This was not completely without warrant. The City had less money than ever as companies and their employees relocated to whiter suburbs with kinder tax codes. The exodus decimated the City’s tax base at a time when social services were needed most. But the steps taken to salvage a depleted budget only exacerbated inequality in the city.

Democrats of the era were not looking to hold private interests accountable. Quotes from Jimmy Carter and Ronald Reagan make it sound like they are running on the same ticket:

“Government cannot solve our problems. It cannot set our goals. It cannot define our vision. Government cannot eliminate poverty or provide a bountiful economy or reduce inflation or save our cities or cure illiteracy or provide energy. And government cannot mandate goodness.”

Jimmy Carter, 1978 State of the Union address

“It is my intention to curb the size and influence of the Federal establishment and to demand recognition of the distinction between the powers granted to the Federal Government and those reserved to the States or to the people. All of us need to be reminded that the Federal Government did not create the States; the States created the Federal Government.

Government is not the solution to our problem; government is the problem.”

Ronald Reagan, 1981 Inaugural Addresses

Donald Trump, that 29-year-old, built part of his fortune by taking advantage of this new attitude in government. Kim Phillips-Fein’s Fear City: New York’s Fiscal Crisis and the Rise of Austerity Politics eloquently outlines this phenomena.

Trump wants to get into Manhattan real estate by redeveloping the Commodore Hotel. The Commodore, once a high society hangout in the early 1900s, falls into disrepair after ownership declares bankruptcy in 1970. This is a potential disaster for the City. If the Commodore collapses, the blight of Times Square could spread to Grand Central Station and further lower NYC’s international image. Trump sees this as an opportunity. The City is so anxious to sell the property, throwing tax dodges at Trump to entice him. He eventually works with the Hyatt Hotels Corporation to put $9.5 million down for the property, which translates into roughly $360 million in tax savings and money deprived from the City.

This is a story of a soft municipal government bending to unreasonable requests. We don’t have to do that again.

Fast forward to our current fiscal crisis. It’s not a secret that housing prices have soared while wages have only inched higher in the past two decades.

In 1996, California median income was $38,812 and the average house was priced at $161,546. In 2018, those figures rose to $69,899 and $532,091 respectively. That’s a 80% increase in incomes and 229% in home values in twenty years.

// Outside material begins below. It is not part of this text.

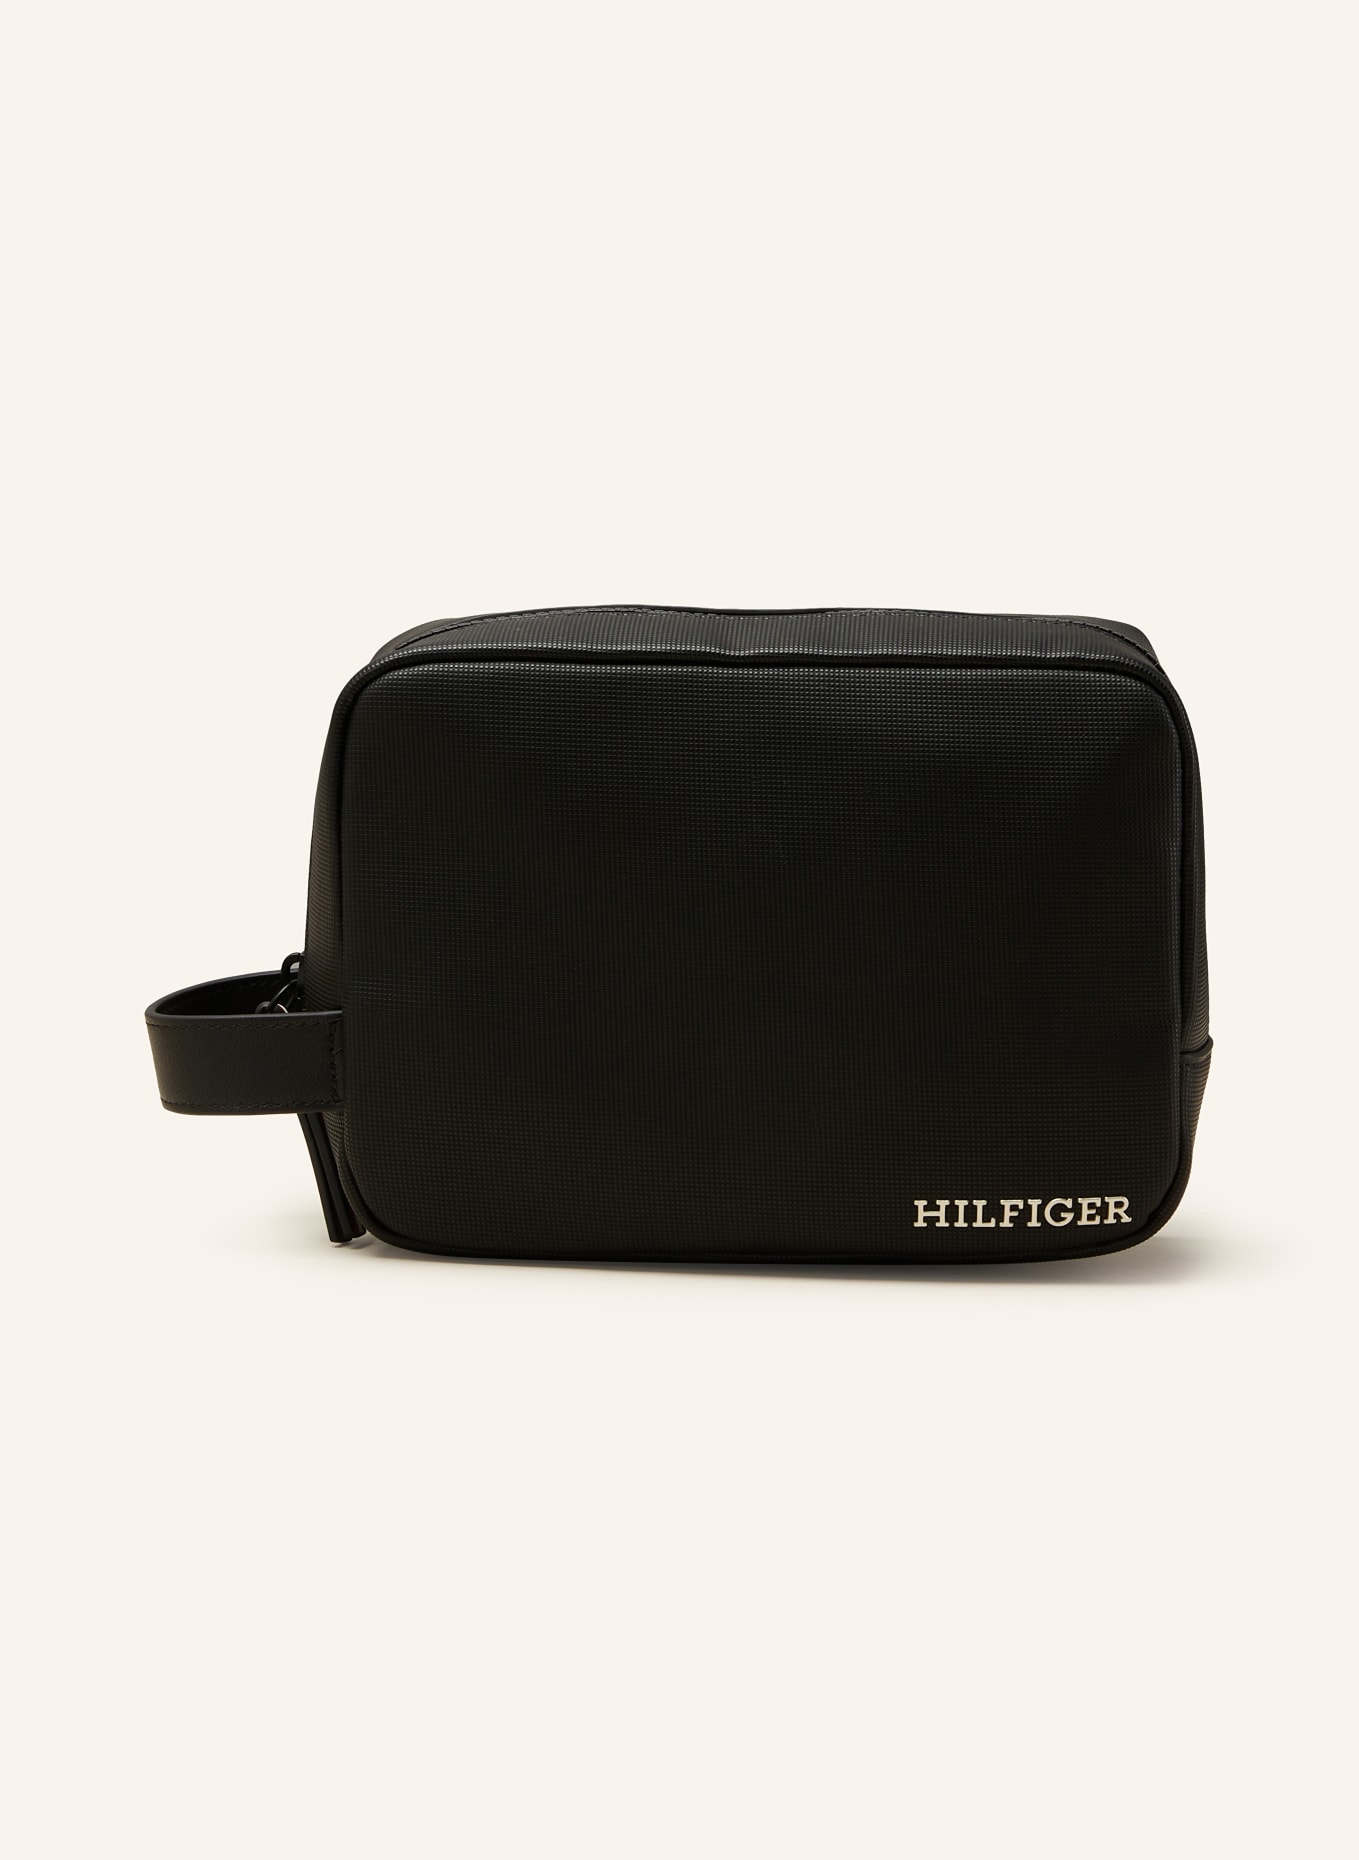 TOMMY HILFIGER Toiletry bag, Color: BLACK (Image 1)

In California, incomes have increased 80% while housing prices have increased 229% since 1996.

Pay workers more and build more housing. The California wildfires could be avoided if we didn’t build houses in places that are susceptible to wildfires. These houses were only built because wealthy Californians have been very good at effectively forcing new homeowners to live in the wildland-urban interface (WUI) with their restrictive housing policies. Despite the destruction, experts estimate this kind of dangerous development will continue, replacing 12 million acres of wild and agricultural lands by 2050.

New York’s equity story is better, but not by much. And this says nothing about who can get federally backed mortgages and the long history of racist housing policies in America.

New York legislators can take action to undo some of the damage done.

Senate Bill S7238 and Assembly Bill A8848 will end subsidies for real estate billionaires and redirect funds to public housing and affordable housing by repealing section 421-a of the real property tax law. As many hope to plug all budget holes with marijuana legislation, economists estimates that will raise only $300 million annually. This bill will eliminate $4 billion worth of wasted subsidies per year.

Senate Bill S7231A and Assembly Bill A09041 will subject private equity firms to the same recording and taxation requirements that families pay through a mortgage. When a family applies for a montage, their debt is secured to a physical property. If they can’t pay their mortgage, they face foreclosure and the bank assumes ownership of the property. When a private equity or hedge fund purchases a large-scale housing development, they use debt instruments — mezzanine debt and preferred equity investments — that are not secured against a property like a traditional mortgage. In their case, the trustworthiness of the firm is enough to secure funding. Mezzanine debt and preferred equity investments are untaxed. This bill will raise upwards of $500 million per year by imposing the same tax that New Yorker homeowners are asked to pay.

The struggle to house a city of 8 million is daunting, but we can begin by protecting the housing that already exists. Tax breaks for real estate investors do not spur tax affordable housing but instead eliminate existing affordable housing units. These bills are just two ways to prevent another round of sweetheart deals for the rich. We can address the homeless crisis and rightsize the inequitable tax system by diverting local taxes on luxury development.